Ryan Boustany soutiendra publiquement sa thèse en mathématiques le lundi 31 mars 2025 à 14h30 (Auditorium 6, bâtiment TSE)
Titre de la soutenance : On deep network training: complexity, robustness of nonsmooth backpropagation, and inertial algorithms
Directeur de thèse : Professeur Jérôme BOLTE
Pour assister à la soutenance, merci de contacter l'école doctorale de TSE
Membres du jury :
- Pierre ABLIN – Apple, ex-CNRS – Examinateur
- Samir ADLY – XLIM-DMI, University of Limoges – Rapporteur
- Jérôme BOLTE – University of Toulouse 1 Capitole – Supervisor
- Peter OCHS – Saarland University – Rapporteur
- Edouard PAUWELS – Toulouse School of Economics – Co directeur
- Audrey REPETTI – Heriot-Watt University – Rapporteure
Résumé (en anglais) :
Learning based on neural networks relies on the combined use of first-order non-convex optimization techniques, subsampling approximation, and algorithmic differentiation, which is the automated numerical application of differential calculus. These methods are fundamental to modern computing libraries such as TensorFlow, PyTorch and JAX. However, these libraries use algorithmic differentiation beyond their primary focus on basic differentiable operations. Often, models incorporate non-differentiable activation functions like ReLU or generalized derivatives for complex objects (solutions to sub-optimization problems). Consequently, understanding the behavior of algorithmic differentiation and its impact on learning has emerged as a key issue in the machine learning community.
To address this, a new concept of nonsmooth differentiation, called conservative gradients, has been developed to model nonsmooth algorithmic differentiation in modern learning contexts.
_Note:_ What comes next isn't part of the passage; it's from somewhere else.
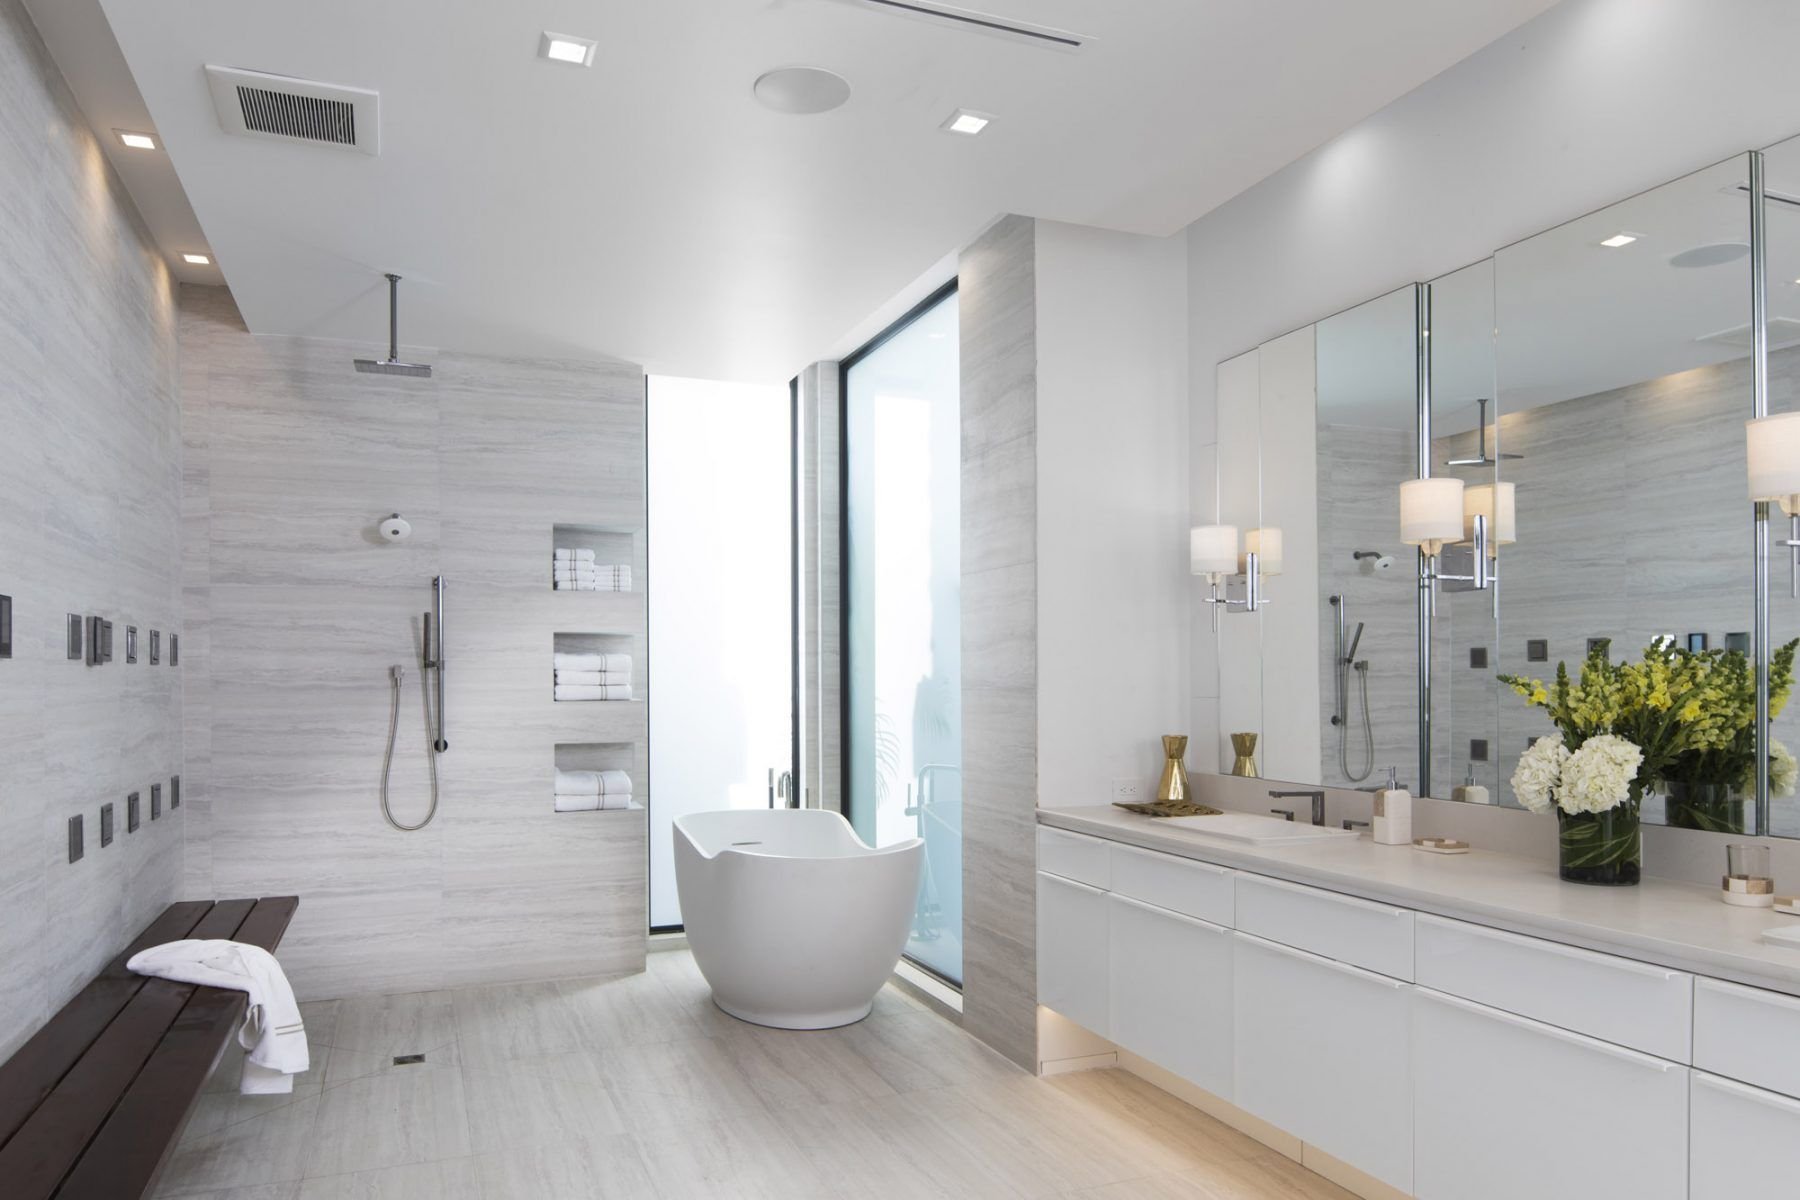 6 Bathroom Styles To Consider For Your Home — HOMEstretch

This concept also facilitates the formulation of learning guarantees and the stability of algorithms in deep neural networks as they are practically implemented.
In this context, we propose two extensions of the conservative calculus, finding a wide range of applications in machine learning. The first result provides a simple model to estimate the computational costs of the backward and forward modes of algorithmic differentiation for a wide class of nonsmooth programs. A second result focuses on the reliability of automatic differentiation for nonsmooth neural networks operating with floating-point numbers. Finally, we focus on building a new optimizer algorithm exploiting second-order information only using noisy first-order nonsmooth nonconvex automatic differentiation. Starting from a dynamical system (an ordinary differential equation), we build INNAprop, derived from a combination of INNA and RMSprop.